== Segment start ==

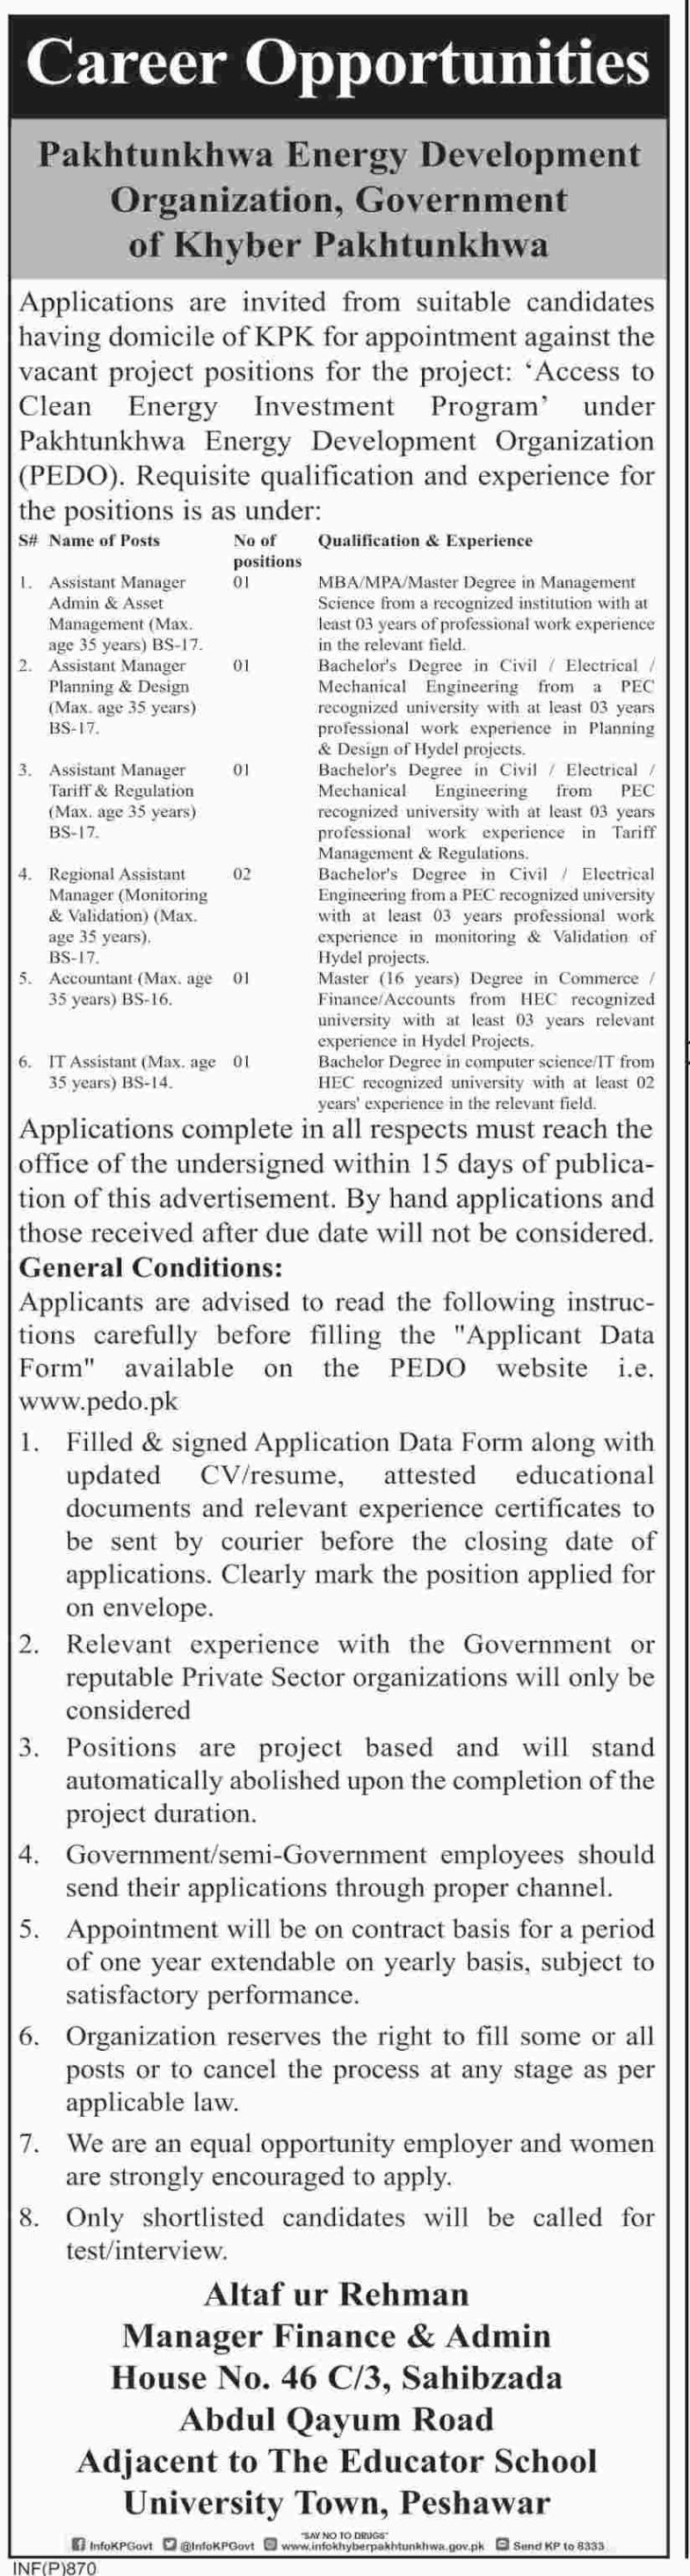 PEDO KP Jobs 2019 for 7+ IT, Accounts, Engineering and Assistant Managers
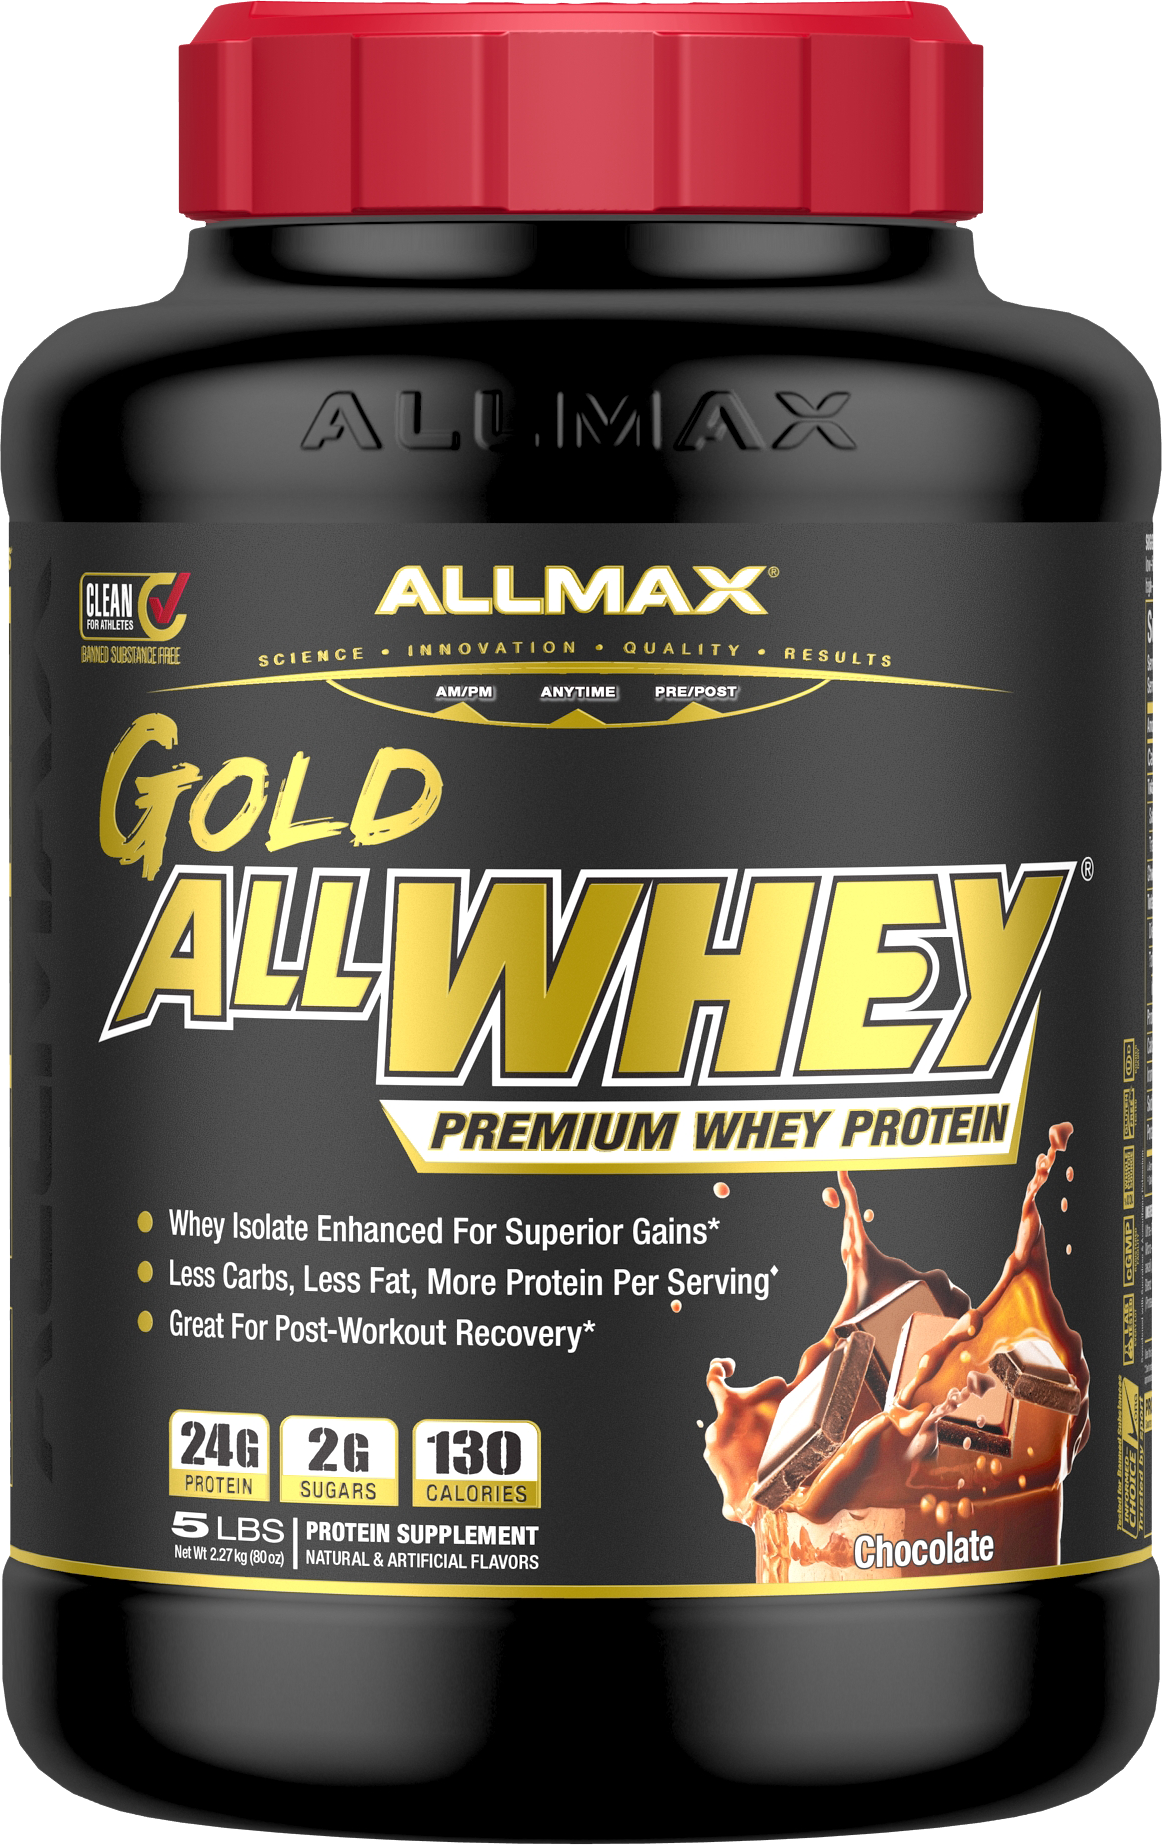 Allmax gold allwhey best buy directions
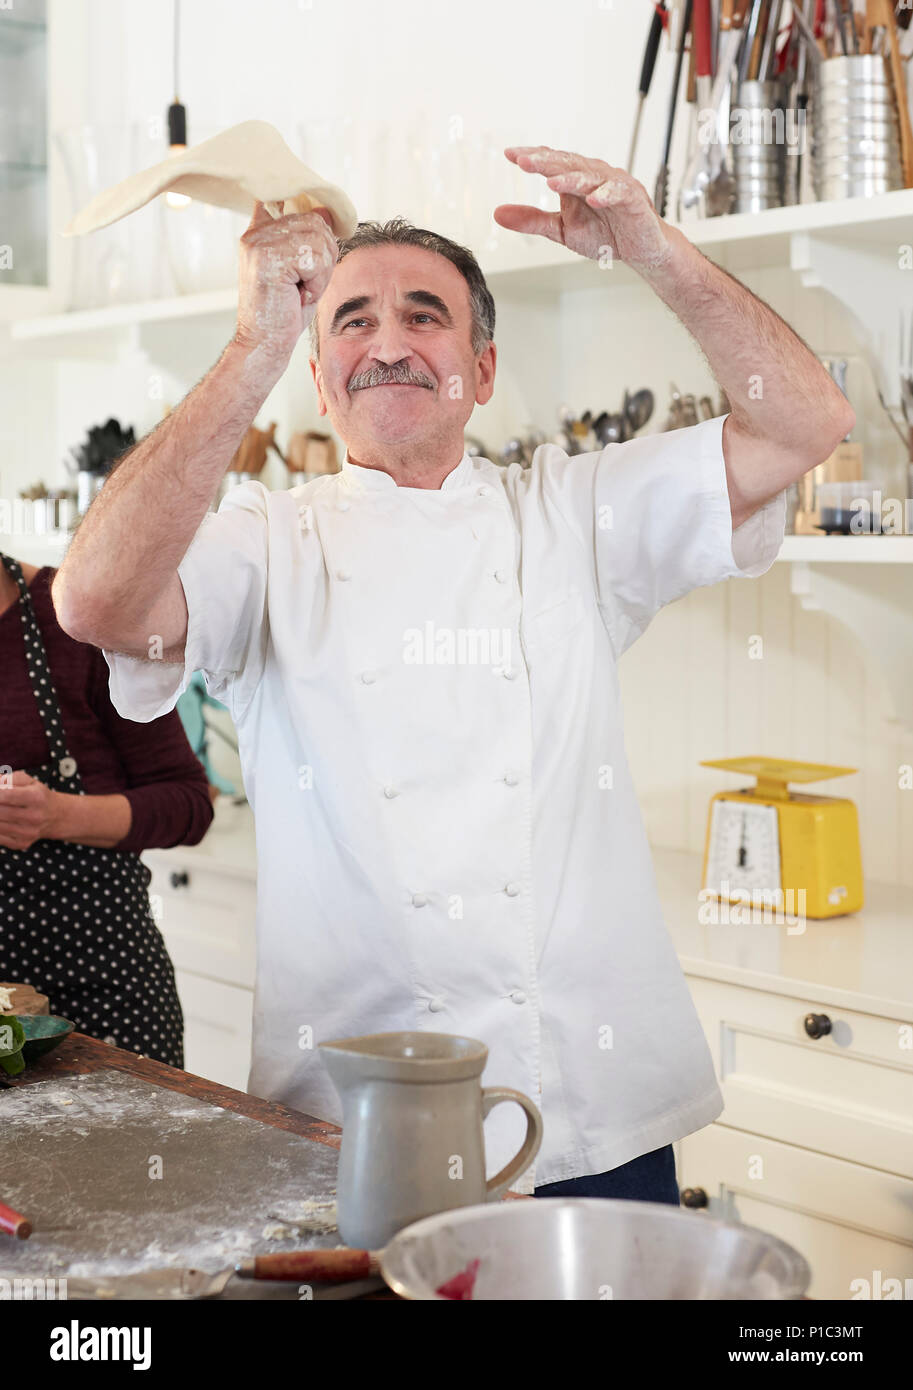 Playful senior chef tossing pizza dough in kitchen Stock Photo
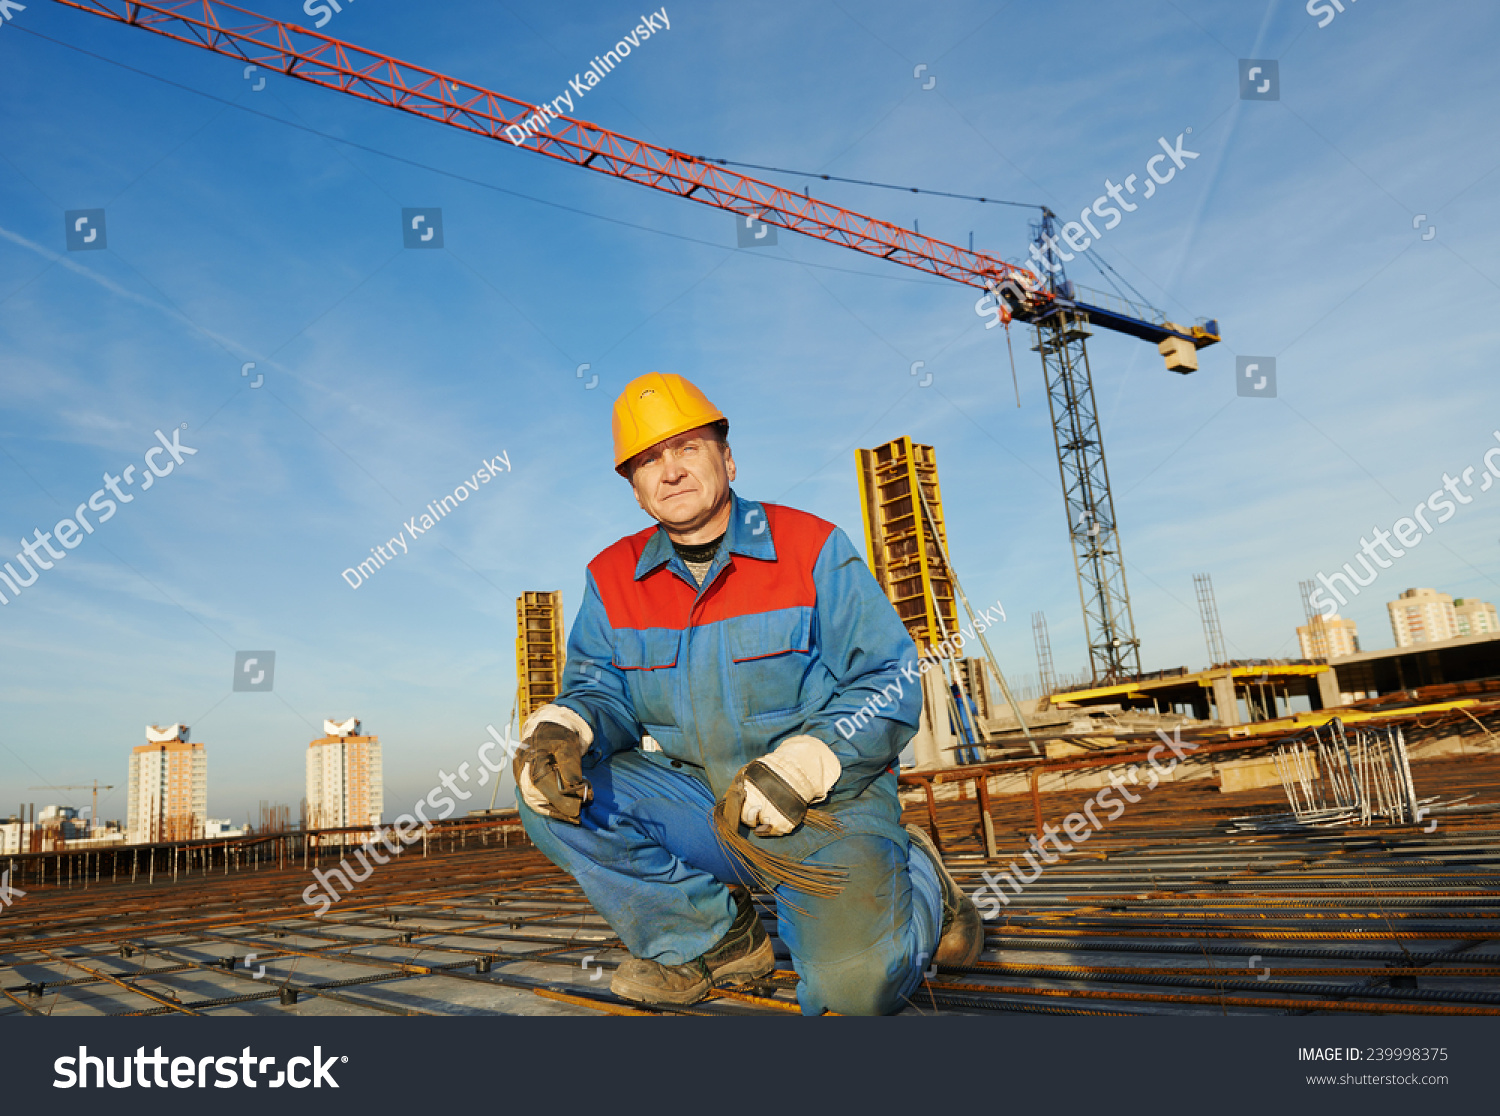 builder worker knitting metal rebars into framework reinforcement for concrete pouring at construction site #239998375

== Segment end ==

PROMPT:
Would you restate all of the data above word for word, omitting the pictures?

OUTPUT:
 PEDO KP Jobs 2019 for 7+ IT, Accounts, Engineering and Assistant Managers
 Allmax gold allwhey best buy directions
 Playful senior chef tossing pizza dough in kitchen Stock Photo
 builder worker knitting metal rebars into framework reinforcement for concrete pouring at construction site #239998375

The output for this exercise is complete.